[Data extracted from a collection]

+--

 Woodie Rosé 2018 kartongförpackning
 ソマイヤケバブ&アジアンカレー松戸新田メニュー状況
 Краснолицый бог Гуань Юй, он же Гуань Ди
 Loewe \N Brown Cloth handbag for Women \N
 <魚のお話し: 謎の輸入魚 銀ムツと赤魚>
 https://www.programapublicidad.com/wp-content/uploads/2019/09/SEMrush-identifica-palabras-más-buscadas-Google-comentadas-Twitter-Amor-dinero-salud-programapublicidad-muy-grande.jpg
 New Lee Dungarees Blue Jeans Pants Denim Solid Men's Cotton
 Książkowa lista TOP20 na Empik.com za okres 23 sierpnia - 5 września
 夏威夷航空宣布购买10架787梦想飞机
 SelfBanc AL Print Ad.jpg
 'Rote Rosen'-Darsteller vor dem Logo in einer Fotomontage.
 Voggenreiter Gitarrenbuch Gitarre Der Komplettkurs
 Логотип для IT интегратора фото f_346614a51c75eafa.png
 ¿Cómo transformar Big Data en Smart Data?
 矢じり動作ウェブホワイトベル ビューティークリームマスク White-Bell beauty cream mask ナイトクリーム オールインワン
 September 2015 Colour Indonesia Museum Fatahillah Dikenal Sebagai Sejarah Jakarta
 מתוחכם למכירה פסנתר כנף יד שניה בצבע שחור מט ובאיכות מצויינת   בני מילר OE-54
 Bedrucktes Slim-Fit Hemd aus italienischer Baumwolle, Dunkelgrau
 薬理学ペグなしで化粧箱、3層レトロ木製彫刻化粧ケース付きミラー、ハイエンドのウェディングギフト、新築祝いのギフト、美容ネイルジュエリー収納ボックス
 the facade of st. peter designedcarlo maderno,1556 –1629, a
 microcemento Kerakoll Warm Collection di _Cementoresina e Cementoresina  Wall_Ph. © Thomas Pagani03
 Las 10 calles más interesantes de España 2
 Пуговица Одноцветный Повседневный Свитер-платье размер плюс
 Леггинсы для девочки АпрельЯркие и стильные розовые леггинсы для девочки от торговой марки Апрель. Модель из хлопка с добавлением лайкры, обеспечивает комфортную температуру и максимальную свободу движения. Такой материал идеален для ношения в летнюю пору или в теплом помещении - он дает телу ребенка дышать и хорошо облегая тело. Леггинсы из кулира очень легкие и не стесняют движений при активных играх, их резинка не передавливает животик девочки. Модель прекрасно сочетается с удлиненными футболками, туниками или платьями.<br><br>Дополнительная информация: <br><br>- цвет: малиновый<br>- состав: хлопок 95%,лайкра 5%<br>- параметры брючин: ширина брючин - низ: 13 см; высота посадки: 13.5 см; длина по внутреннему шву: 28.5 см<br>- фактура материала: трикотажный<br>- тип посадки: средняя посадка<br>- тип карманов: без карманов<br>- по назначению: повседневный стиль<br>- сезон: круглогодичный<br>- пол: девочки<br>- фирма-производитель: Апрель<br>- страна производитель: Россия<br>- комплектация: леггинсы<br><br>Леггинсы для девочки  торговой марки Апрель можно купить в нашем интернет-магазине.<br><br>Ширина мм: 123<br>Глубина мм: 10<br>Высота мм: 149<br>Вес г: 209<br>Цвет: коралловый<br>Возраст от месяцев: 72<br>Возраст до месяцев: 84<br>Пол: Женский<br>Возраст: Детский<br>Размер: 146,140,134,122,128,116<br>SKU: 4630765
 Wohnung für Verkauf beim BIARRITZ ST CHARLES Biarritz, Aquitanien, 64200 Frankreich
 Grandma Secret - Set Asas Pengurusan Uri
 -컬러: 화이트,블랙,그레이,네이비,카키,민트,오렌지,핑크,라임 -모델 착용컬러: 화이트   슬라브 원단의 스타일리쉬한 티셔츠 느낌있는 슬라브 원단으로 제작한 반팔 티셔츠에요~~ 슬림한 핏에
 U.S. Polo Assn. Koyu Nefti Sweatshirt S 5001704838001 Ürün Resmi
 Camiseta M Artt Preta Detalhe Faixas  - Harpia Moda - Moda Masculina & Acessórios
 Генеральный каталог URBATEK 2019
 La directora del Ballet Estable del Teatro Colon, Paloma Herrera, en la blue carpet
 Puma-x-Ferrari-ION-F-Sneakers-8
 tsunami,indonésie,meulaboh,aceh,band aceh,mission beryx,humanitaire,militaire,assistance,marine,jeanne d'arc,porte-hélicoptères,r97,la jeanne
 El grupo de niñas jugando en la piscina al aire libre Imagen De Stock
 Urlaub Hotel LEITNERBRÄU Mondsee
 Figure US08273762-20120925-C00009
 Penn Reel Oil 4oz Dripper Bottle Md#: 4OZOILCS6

+--

— WORK TO BE COMPLETED —
Restate each entry word for word.

— RESULT —
 Woodie Rosé 2018 kartongförpackning
 ソマイヤケバブ&アジアンカレー松戸新田メニュー状況
 Краснолицый бог Гуань Юй, он же Гуань Ди
 Loewe \N Brown Cloth handbag for Women \N
 <魚のお話し: 謎の輸入魚 銀ムツと赤魚>
 https://www.programapublicidad.com/wp-content/uploads/2019/09/SEMrush-identifica-palabras-más-buscadas-Google-comentadas-Twitter-Amor-dinero-salud-programapublicidad-muy-grande.jpg
 New Lee Dungarees Blue Jeans Pants Denim Solid Men's Cotton
 Książkowa lista TOP20 na Empik.com za okres 23 sierpnia - 5 września
 夏威夷航空宣布购买10架787梦想飞机
 SelfBanc AL Print Ad.jpg
 'Rote Rosen'-Darsteller vor dem Logo in einer Fotomontage.
 Voggenreiter Gitarrenbuch Gitarre Der Komplettkurs
 Логотип для IT интегратора фото f_346614a51c75eafa.png
 ¿Cómo transformar Big Data en Smart Data?
 矢じり動作ウェブホワイトベル ビューティークリームマスク White-Bell beauty cream mask ナイトクリーム オールインワン
 September 2015 Colour Indonesia Museum Fatahillah Dikenal Sebagai Sejarah Jakarta
 מתוחכם למכירה פסנתר כנף יד שניה בצבע שחור מט ובאיכות מצויינת   בני מילר OE-54
 Bedrucktes Slim-Fit Hemd aus italienischer Baumwolle, Dunkelgrau
 薬理学ペグなしで化粧箱、3層レトロ木製彫刻化粧ケース付きミラー、ハイエンドのウェディングギフト、新築祝いのギフト、美容ネイルジュエリー収納ボックス
 the facade of st. peter designedcarlo maderno,1556 –1629, a
 microcemento Kerakoll Warm Collection di _Cementoresina e Cementoresina  Wall_Ph. © Thomas Pagani03
 Las 10 calles más interesantes de España 2
 Пуговица Одноцветный Повседневный Свитер-платье размер плюс
 Леггинсы для девочки АпрельЯркие и стильные розовые леггинсы для девочки от торговой марки Апрель. Модель из хлопка с добавлением лайкры, обеспечивает комфортную температуру и максимальную свободу движения. Такой материал идеален для ношения в летнюю пору или в теплом помещении - он дает телу ребенка дышать и хорошо облегая тело. Леггинсы из кулира очень легкие и не стесняют движений при активных играх, их резинка не передавливает животик девочки. Модель прекрасно сочетается с удлиненными футболками, туниками или платьями.<br><br>Дополнительная информация: <br><br>- цвет: малиновый<br>- состав: хлопок 95%,лайкра 5%<br>- параметры брючин: ширина брючин - низ: 13 см; высота посадки: 13.5 см; длина по внутреннему шву: 28.5 см<br>- фактура материала: трикотажный<br>- тип посадки: средняя посадка<br>- тип карманов: без карманов<br>- по назначению: повседневный стиль<br>- сезон: круглогодичный<br>- пол: девочки<br>- фирма-производитель: Апрель<br>- страна производитель: Россия<br>- комплектация: леггинсы<br><br>Леггинсы для девочки  торговой марки Апрель можно купить в нашем интернет-магазине.<br><br>Ширина мм: 123<br>Глубина мм: 10<br>Высота мм: 149<br>Вес г: 209<br>Цвет: коралловый<br>Возраст от месяцев: 72<br>Возраст до месяцев: 84<br>Пол: Женский<br>Возраст: Детский<br>Размер: 146,140,134,122,128,116<br>SKU: 4630765
 Wohnung für Verkauf beim BIARRITZ ST CHARLES Biarritz, Aquitanien, 64200 Frankreich
 Grandma Secret - Set Asas Pengurusan Uri
 -컬러: 화이트,블랙,그레이,네이비,카키,민트,오렌지,핑크,라임 -모델 착용컬러: 화이트   슬라브 원단의 스타일리쉬한 티셔츠 느낌있는 슬라브 원단으로 제작한 반팔 티셔츠에요~~ 슬림한 핏에
 U.S. Polo Assn. Koyu Nefti Sweatshirt S 5001704838001 Ürün Resmi
 Camiseta M Artt Preta Detalhe Faixas  - Harpia Moda - Moda Masculina & Acessórios
 Генеральный каталог URBATEK 2019
 La directora del Ballet Estable del Teatro Colon, Paloma Herrera, en la blue carpet
 Puma-x-Ferrari-ION-F-Sneakers-8
 tsunami,indonésie,meulaboh,aceh,band aceh,mission beryx,humanitaire,militaire,assistance,marine,jeanne d'arc,porte-hélicoptères,r97,la jeanne
 El grupo de niñas jugando en la piscina al aire libre Imagen De Stock
 Urlaub Hotel LEITNERBRÄU Mondsee
 Figure US08273762-20120925-C00009
 Penn Reel Oil 4oz Dripper Bottle Md#: 4OZOILCS6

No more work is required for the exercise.